One day I received an official letter saying that within a few days the Jewish group would be recalled. At that time all Jewish labour units employed outside the ghetto were being recalled. I applied to the top. However, no one helped me to rescue the Jews and to create humane work and living conditions for them, as everybody was afraid of having anything to do with the SD and the SS, upon whose orders the Jews were being withdrawn.
The withdrawal was a big blow to the Jews, because they would be isolated from the town, which would mean their slow starving to death. After a few meetings with Dr Grinbergas, I called on the ghetto Arbeitsamt and happened to find Goecke there. Through the same Dr R. as an interpreter, I demanded a reply to the question whether the Jews would really be taken away, as I had to know, due to the orders from the army and so on. Thinking it over for a while, Goecke answered that in a couple of days he would himself come to the factory to familiarise himself with the work and the place. That was already a major victory, as the very question of recalling the Jews from the factory had become debatable.

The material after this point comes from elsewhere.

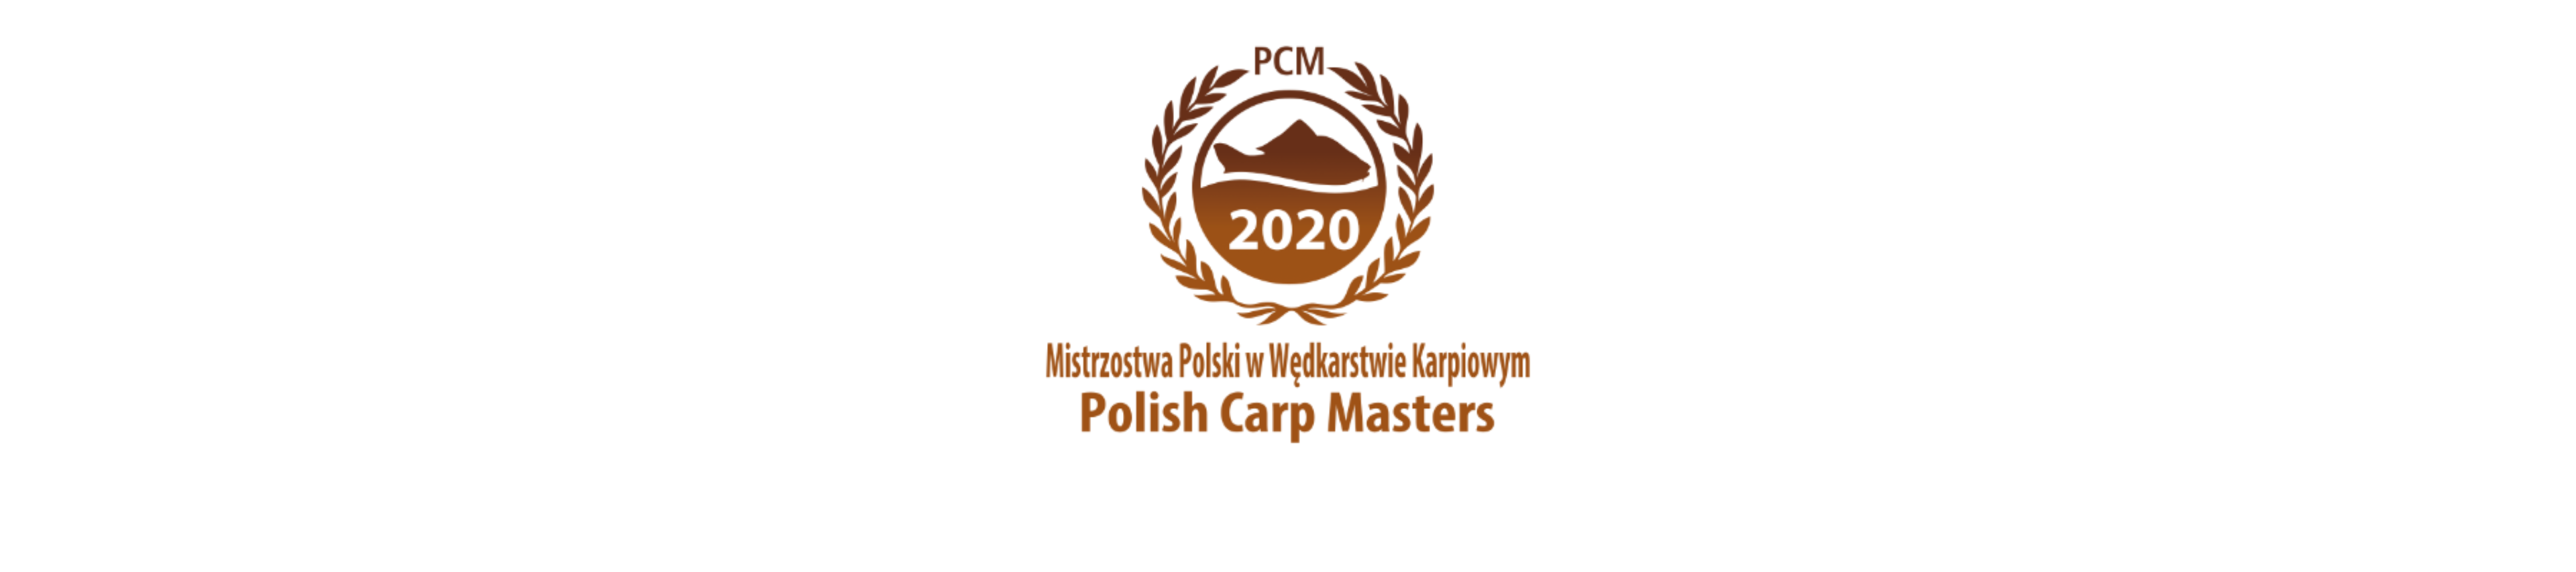 PCM 2020

On the date set, I sent the Lithuanian workers home early, telling them to tidy up their work areas accordingly, to change things slightly, and so on, in a word, to get ready to welcome the guest. At the agreed time, a car drove into the factory yard, from which Goecke and his adjutant got out. After spending a good hour on the site and familiarising himself with the work quite thoroughly, Goecke must have gained a good impression of our "village Potemkin", as we later called it, and put to me a totally unexpected question on leaving: "How many labourers do you need now?" Grasping the point, I replied: "I need about 100 people for a full team." I had not expected it at all, and began to modify the answer by saying that the total labour capacity could not be fully utilised at the beginning, that I could develop labour only gradually, and so on. Then he changed his decision in my favour, so that I had the right to get up to 100 people on terms and conditions set by me. That exceeded all my expectations. The victory was complete. In fact, the Jews were only recalled elsewhere, with the exception of a few places, probably a total of about ten in the whole city, instead of the previous couple of hundred.